Подозрительно притихшего Ёнкея все любезно игнорируют, не слыша даже его неловких ударов по чужим тарелкам. Он даже не вопит – что странно, не фонтанирует миллионом безумных идей по спасению их музыкальной карьеры – хотя должен так делать. Ёнхён странно молчаливый, ему это совсем не свойственно, но все слишком заняты спорами и сомнениями, чтобы обращать на него внимание. Ёнхён их, честно говоря, тоже не слышит. Они рассуждают о том, что всей команде делать в столь тупиковой (херовой) ситуации, а Ёнкей настукивает тихонько, абстрагируясь от чужой болтовни, потому что сразу все придумал. Он бьет по тарелке, и с каждым ударом деревянной палочки об металл в голове собственным голосом отдает давно не произносимое Ёнхёном имя. Джехёнджехёнджехёндже–.

Харе долбить! – огрызается Сонджин, когда громкость ёнкеевой импровизации становится чрезмерной. Тот кладет чужой инструмент на место, приводя мысли в порядок одной единственной правдой. Ёнхён говорит очень уверенно: «Все будет в порядке».

«Я знаю, что делать». Просит у Вонпиля нормальные ноты, тексты, все, что нужно для работы, и гитару в чехол засовывает – не свою, Сонджина. Тот сперва возмущается, но, кажется, что-то знает. Не первый день знакомы.

Брать ответственность за судьбу всех не хочется, Ёнкей, конечно, серьезный в таких вопросах парень, но не лидер, нет, его подобная власть губит и связывает по рукам и ногам, на место Сонджина он никогда не претендовал, чувствуя себя комфортно и на своем. Но тут никто, кроме него, ничего не исправит. Им всем в жизни замену для их гитариста не найти, а Ёнхёну даже думать не приходится. Мысль сама по себе заполняет всю его голову, словно обсессия, словно что-то нездорово-больное.

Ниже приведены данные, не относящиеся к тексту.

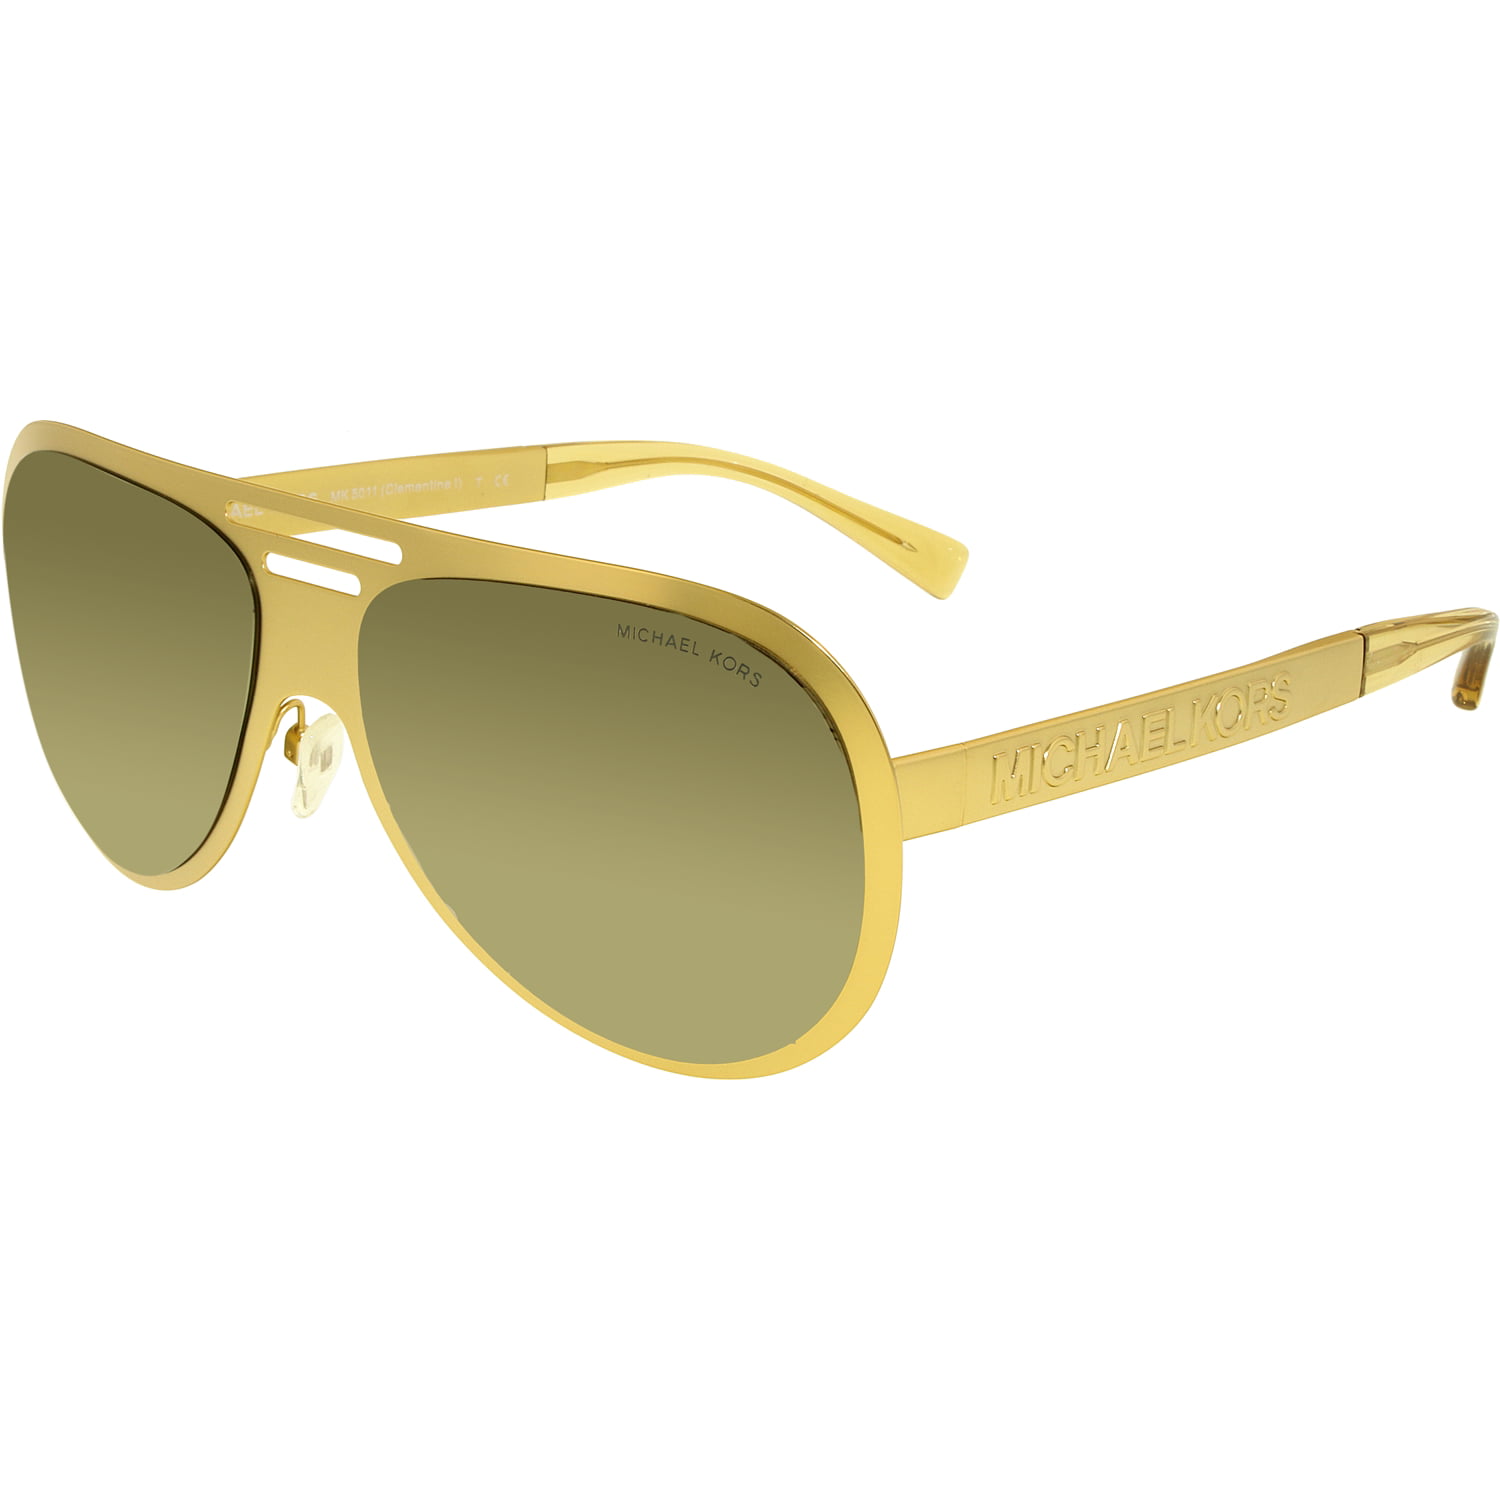 Michael Kors Michael Kors Men S Clementine Mk5011 1062r5 59 Gold Aviator Sunglasses

Нужный адрес добывается за пару вежливых звонков. Он обращает внимание на время, только когда, выходя на улицу, попадает в темноту с единственными проблесками света в виде мимо несущихся авто и их фар да ярких придорожных фонарей. Ёнхёну не хочется быть бестактным долбоебом, но такие, как он, в три часа ночи спят редко. Времени лишнего нет совсем. Ёнхён оправдывает свою спешку именно этим, а чем-то вроде желания увидеть лицо Джехёна, спросить, как у него дела. Неуместно.

Гнездо на голове, очки на пол-лица, ростом теперь с Ёнкея, только гораздо тоще – еее, все по-старому, Дже, ты почти не эволюционировал. Думать о том, когда виделись в последний раз, сил никаких нет. Ёнхён наглеет, зная, что недовольство на лице у Джехёна по большой мере напускное. Мы оба рады друг друга видеть, хватит кривить ебалом, а?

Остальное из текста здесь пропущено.